*** Records supplied ***

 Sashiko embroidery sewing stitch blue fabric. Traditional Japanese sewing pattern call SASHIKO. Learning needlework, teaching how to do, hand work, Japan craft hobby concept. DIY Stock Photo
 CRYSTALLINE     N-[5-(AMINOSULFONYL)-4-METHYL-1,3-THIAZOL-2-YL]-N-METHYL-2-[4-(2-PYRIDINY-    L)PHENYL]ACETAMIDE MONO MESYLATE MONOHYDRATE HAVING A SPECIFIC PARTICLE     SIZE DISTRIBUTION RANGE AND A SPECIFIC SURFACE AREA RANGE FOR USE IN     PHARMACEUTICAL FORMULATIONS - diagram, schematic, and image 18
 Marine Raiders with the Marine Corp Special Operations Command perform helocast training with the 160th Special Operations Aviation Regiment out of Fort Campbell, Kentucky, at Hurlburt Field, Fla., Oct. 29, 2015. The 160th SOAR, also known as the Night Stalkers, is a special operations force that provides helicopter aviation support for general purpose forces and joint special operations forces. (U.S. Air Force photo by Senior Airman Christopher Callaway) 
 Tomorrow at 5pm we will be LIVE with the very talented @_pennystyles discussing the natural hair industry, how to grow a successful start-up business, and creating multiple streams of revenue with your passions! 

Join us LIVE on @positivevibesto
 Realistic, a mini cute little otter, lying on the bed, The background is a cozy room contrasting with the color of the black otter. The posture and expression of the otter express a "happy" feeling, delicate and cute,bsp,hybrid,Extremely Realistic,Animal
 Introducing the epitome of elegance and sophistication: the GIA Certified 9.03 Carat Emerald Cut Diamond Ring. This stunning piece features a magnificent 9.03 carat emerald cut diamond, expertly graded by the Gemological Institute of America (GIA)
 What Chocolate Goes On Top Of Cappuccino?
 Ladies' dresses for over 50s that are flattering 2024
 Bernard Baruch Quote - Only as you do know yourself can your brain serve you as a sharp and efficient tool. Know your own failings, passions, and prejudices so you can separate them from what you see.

*** End of Records supplied ***

- _Task description_: From the line containing "Realistic, a mini" through the last line of the records, output each line exactly and nothing more.

- _Task result_:
 Realistic, a mini cute little otter, lying on the bed, The background is a cozy room contrasting with the color of the black otter. The posture and expression of the otter express a "happy" feeling, delicate and cute,bsp,hybrid,Extremely Realistic,Animal
 Introducing the epitome of elegance and sophistication: the GIA Certified 9.03 Carat Emerald Cut Diamond Ring. This stunning piece features a magnificent 9.03 carat emerald cut diamond, expertly graded by the Gemological Institute of America (GIA)
 What Chocolate Goes On Top Of Cappuccino?
 Ladies' dresses for over 50s that are flattering 2024
 Bernard Baruch Quote - Only as you do know yourself can your brain serve you as a sharp and efficient tool. Know your own failings, passions, and prejudices so you can separate them from what you see.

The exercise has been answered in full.